In college, I adopted two mixed-breed dogs from the Monroe County Humane Association in Bloomington, Indiana. I named the sisters Aja and Diva (that’s Aja’s nose shot, and Diva playing hide-n-seek — her favorite game), and I thought I knew what I was doing while raising and teaching them. Eight years later I finally realize they weren’t the only ones who had a lot to learn.
I grew up with a menagerie of domestic animals: cats, dogs, birds, little mammals, reptiles and amphibians. But when it came time to raise two wee ones on my own, I seemed to have forgotten a lot of what growing up with animals had taught me. I didn’t socialize Aja and Diva very well: sure, I took them to dog parks once in awhile, but after the wonder twins nipped at a dog or two for trying to join their dynamic duo, I thought it best to keep them away from unknown dogs as much as possible.
My bad. Their lack of socialization has led to some interesting reactions when we walk by other dogs on the street, especially from Diva: though she’s a good-sized dog, she yips like a little tiny poodle and twirls around on her hind feet when we pass another dog on the street. She’s not very well behaved, and Aja has had her fair share issues as well.
Several years ago, I took them to a one-on-one training class led by a nice gentleman who had a successful career as a military K9 trainer. He taught me how to use a choke collar, a few treats and the word “no” to get my dogs to do what I wanted them to do. The classes kind of taught my dogs that I’m the boss, but unfortunately it’s still nearly impossible to walk without them pulling full speed ahead, even when they’re wearing those vicious-looking pinch collars.
So after talking with a local trainer, my wife and I decided to take Aja and Diva to a very different training course at Doggone Connection. The class is based on positive reinforcement: if the dogs do what we want them to, we reward with treats, petting, play, whatever works. If they do what we don’t want them to do, we ignore their behavior rather than yelling “NO!” I always thought rewarding my dogs with treats for good behavior was somewhat of a cheat: they should do what I want them to do simply because I’m the alpha, right? Not true. Sure, they should listen to me, but only because they WANT to listen, not because they fear a quick, harsh yank on their choke chain.

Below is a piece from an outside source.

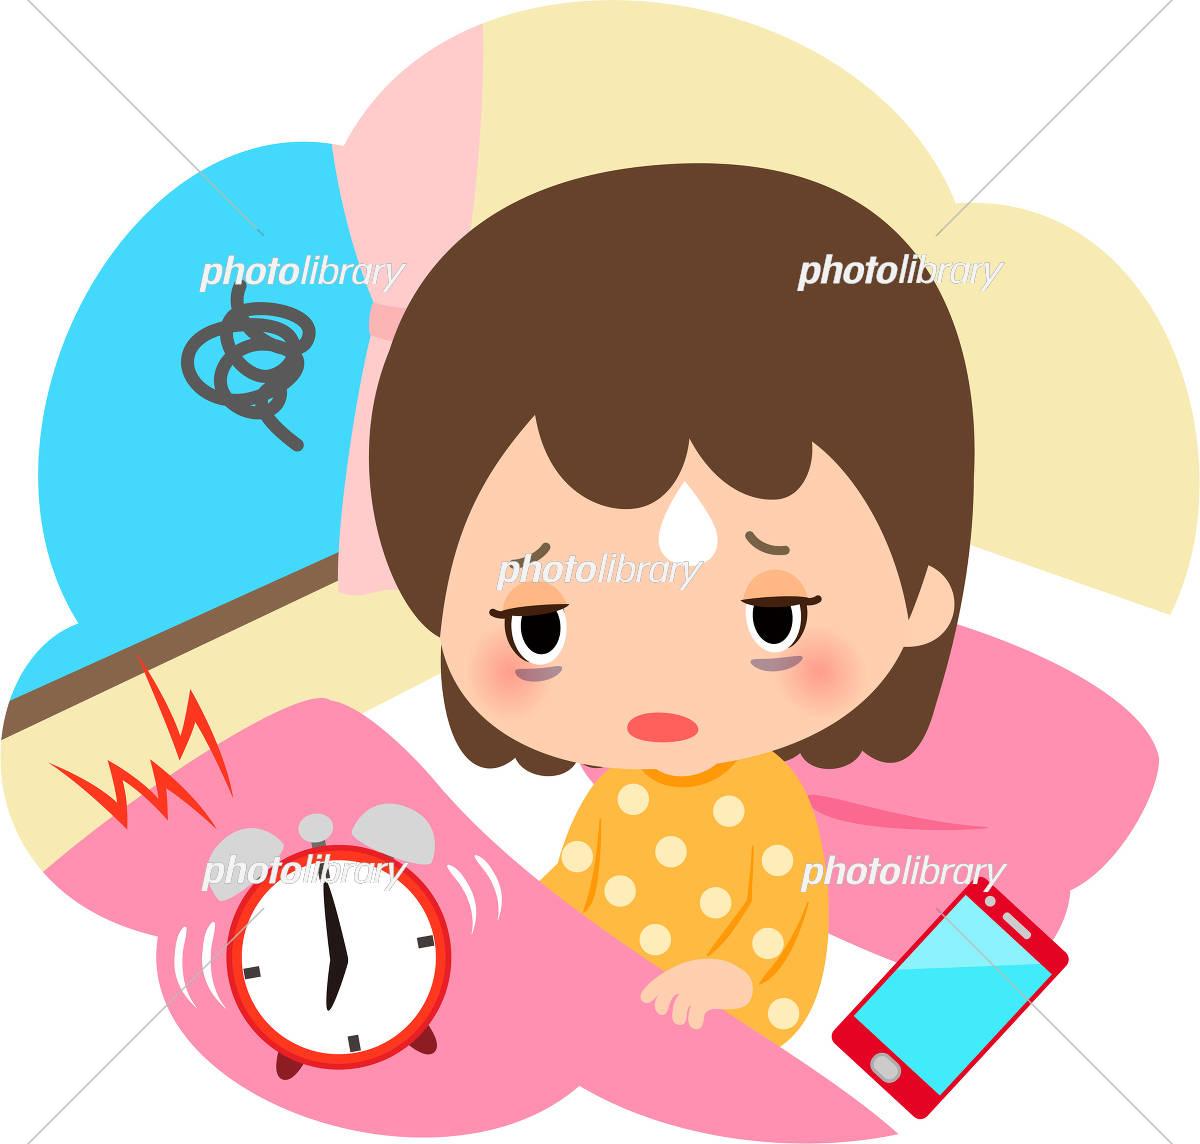 朝起きるのがつらい女の子とスマートフォン イラスト素材 5930738

Though I was very skeptical of the positive reinforcement method at first, I’ve been quite impressed with my girls’ progress, enough to stop using their prong collars (I’ve moved to Easy Walk harnesses). I bring a little bag of treats wherever we go, reward good behavior, and look forward to learning more tricks. During last night’s class, Diva was the teacher’s pet: our instructor Wes took her in the middle of the room and had her practice a few exercises requiring intense patience and concentration, and she executed them flawlessly. Afterward, I had her lay down and stay still with a treat resting on her paw for several seconds, after which I rewarded her by handing her the treat. She did this several times, and I was amazed that she learned it in just one class. When we got home later that night, our Yellow Lab Pixie performed the same trick for us (she’s not attending the classes because she’s already well socialized.)
So if you have a dog, young or old, I highly recommend this kind of training. Find a good animal trainer on Angie’s List, let them know what difficulties you and your dog have, and you might be surprised with the results a little education and practice can yield. I tell my wife how happy I am with Aja and Diva’s (and my own) progress, and she’s seen that positive reinforcement truly works. Maybe now she’ll have fresh-baked cookies waiting for me every time I finish mowing the lawn (and cleaning up after our dogs.)